**Work to be completed**
Nothing in the data should change when you return it, but leave the pictures out.

**Given material**

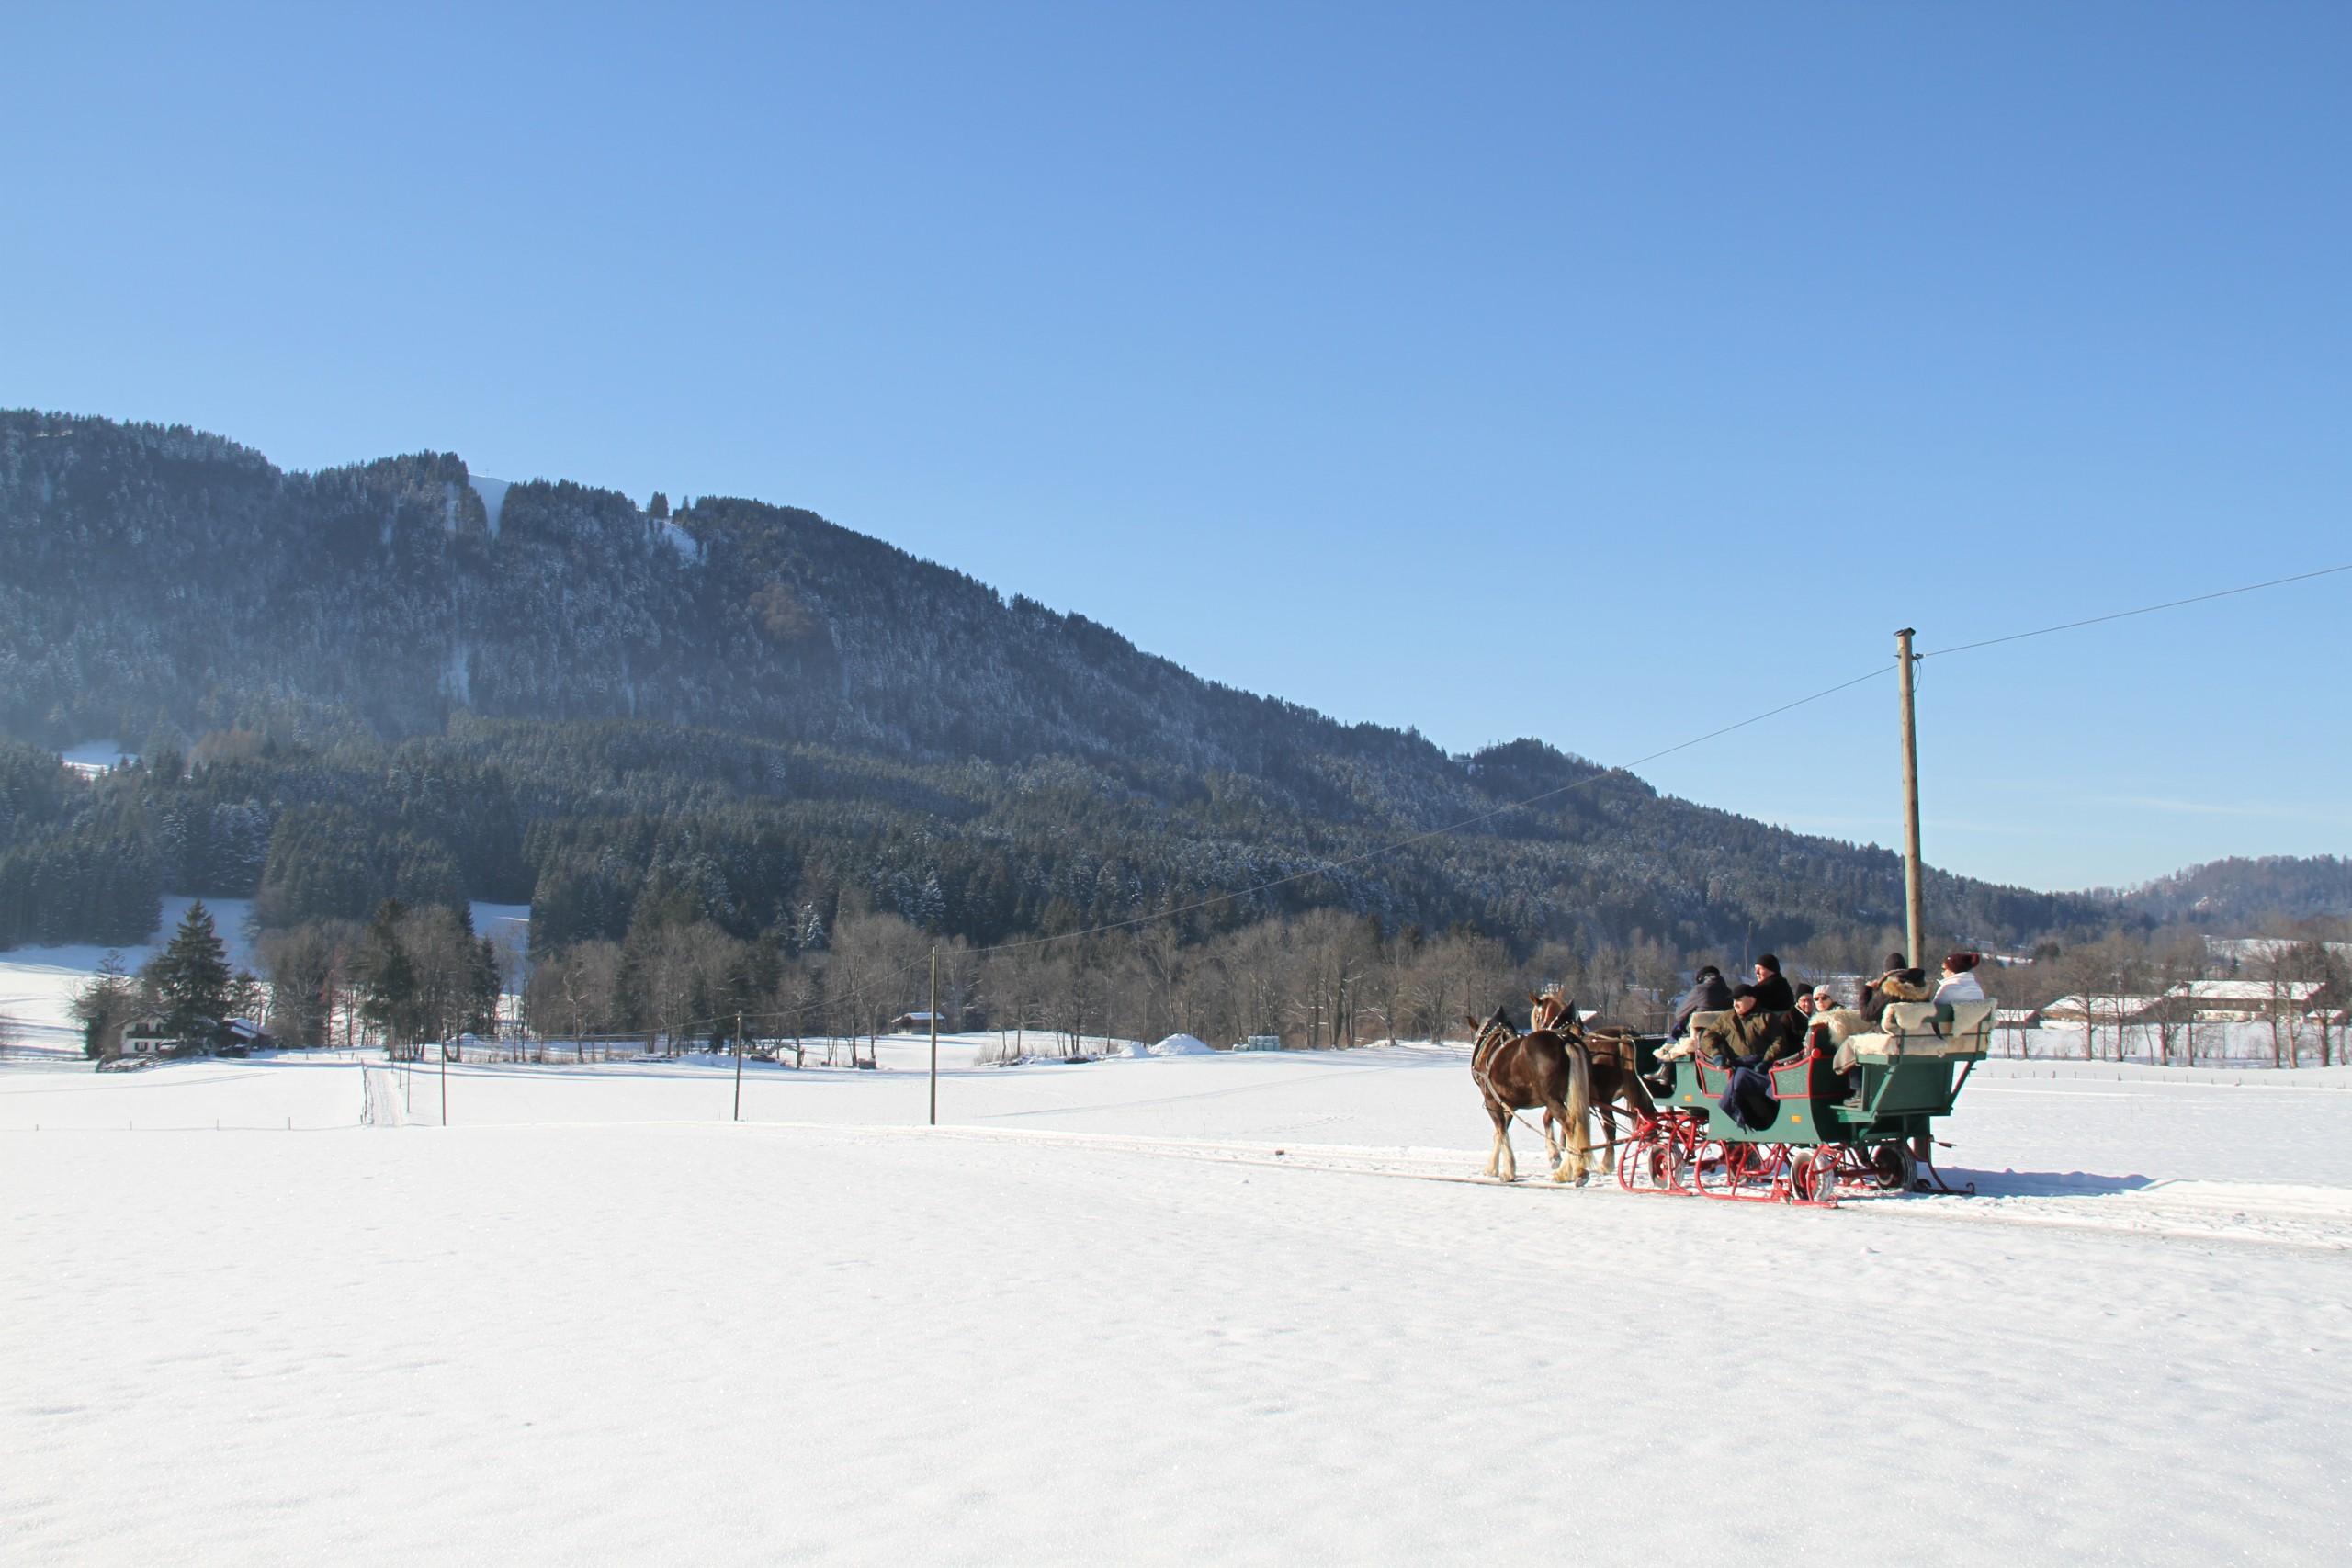 Pferdeschlittenfahrt in Bad Tölz
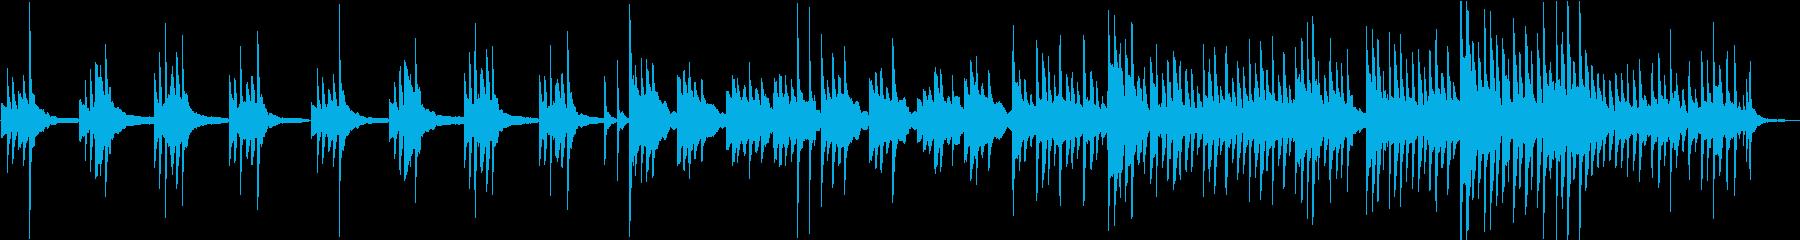 ソロピアノ/しっとり/センチメンタルの再生済みの波形
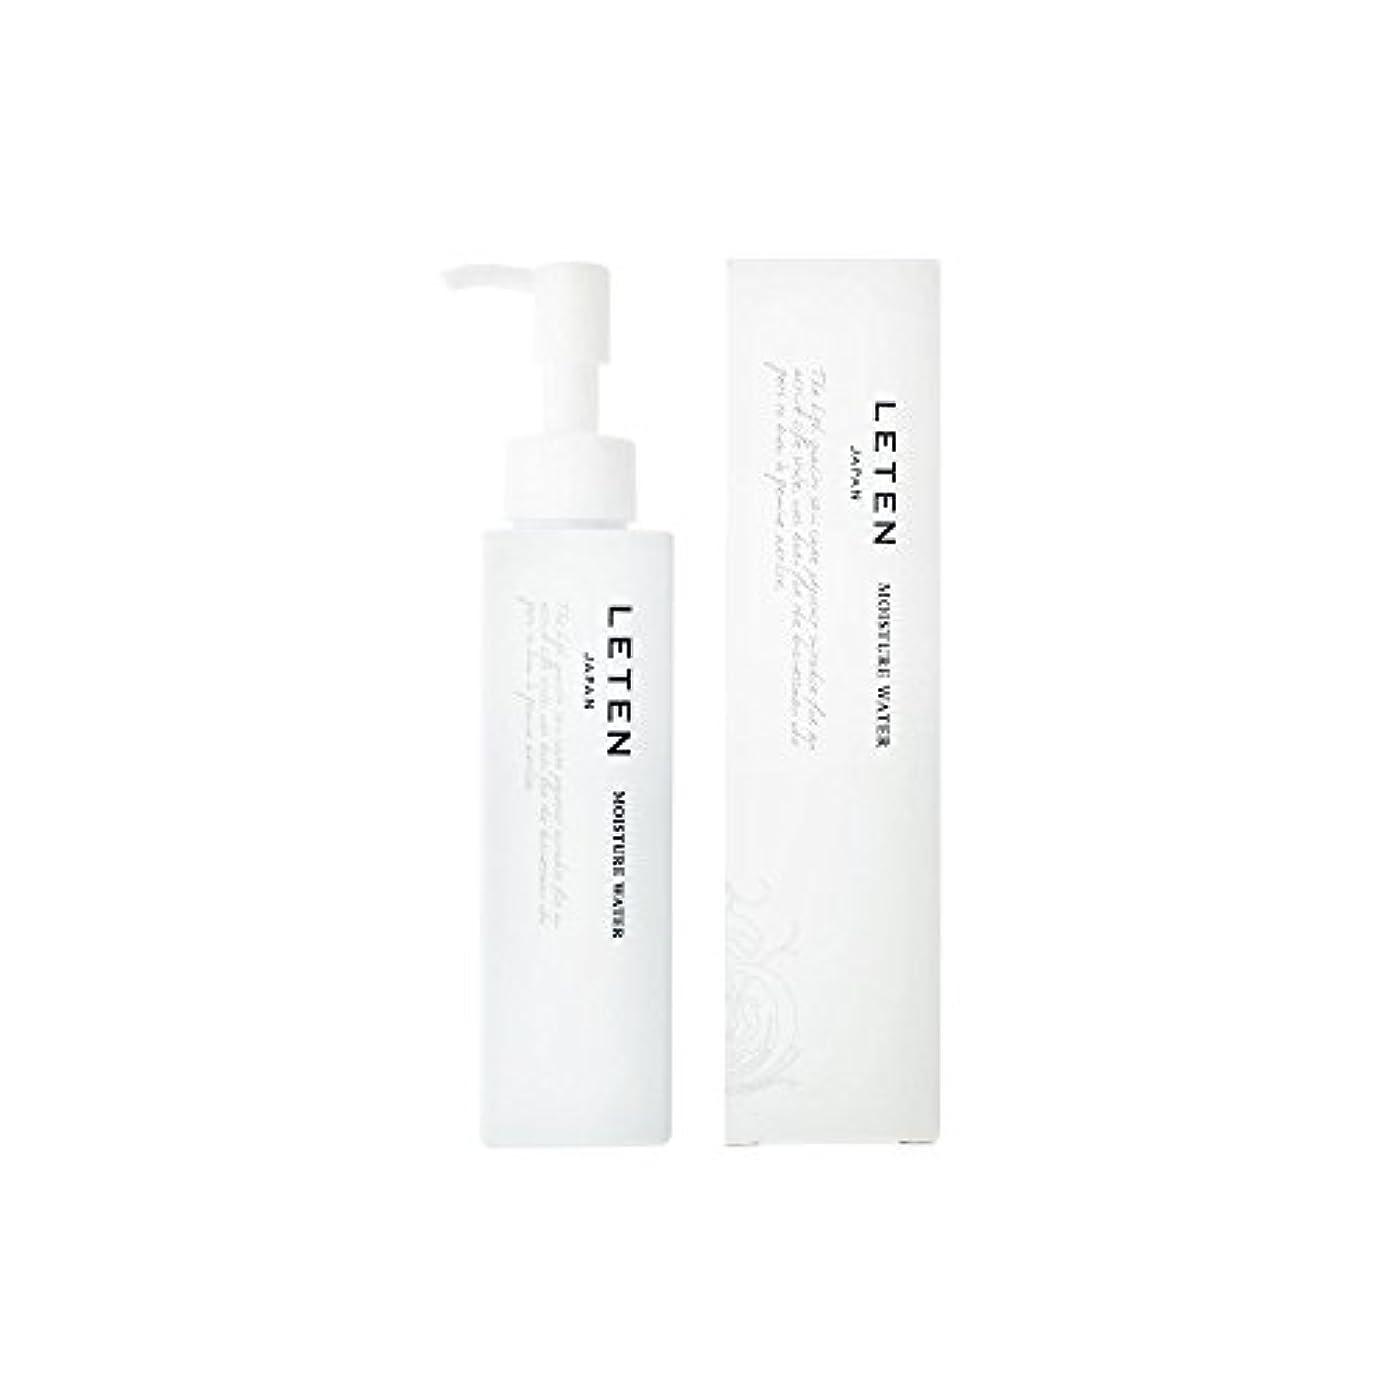 物質ピッチャーフォームレテン (LETEN) モイスチャーウォーター 150ml 化粧水 敏感肌

**Your solution**
 Pferdeschlittenfahrt in Bad Tölz
 ソロピアノ/しっとり/センチメンタルの再生済みの波形
 物質ピッチャーフォームレテン (LETEN) モイスチャーウォーター 150ml 化粧水 敏感肌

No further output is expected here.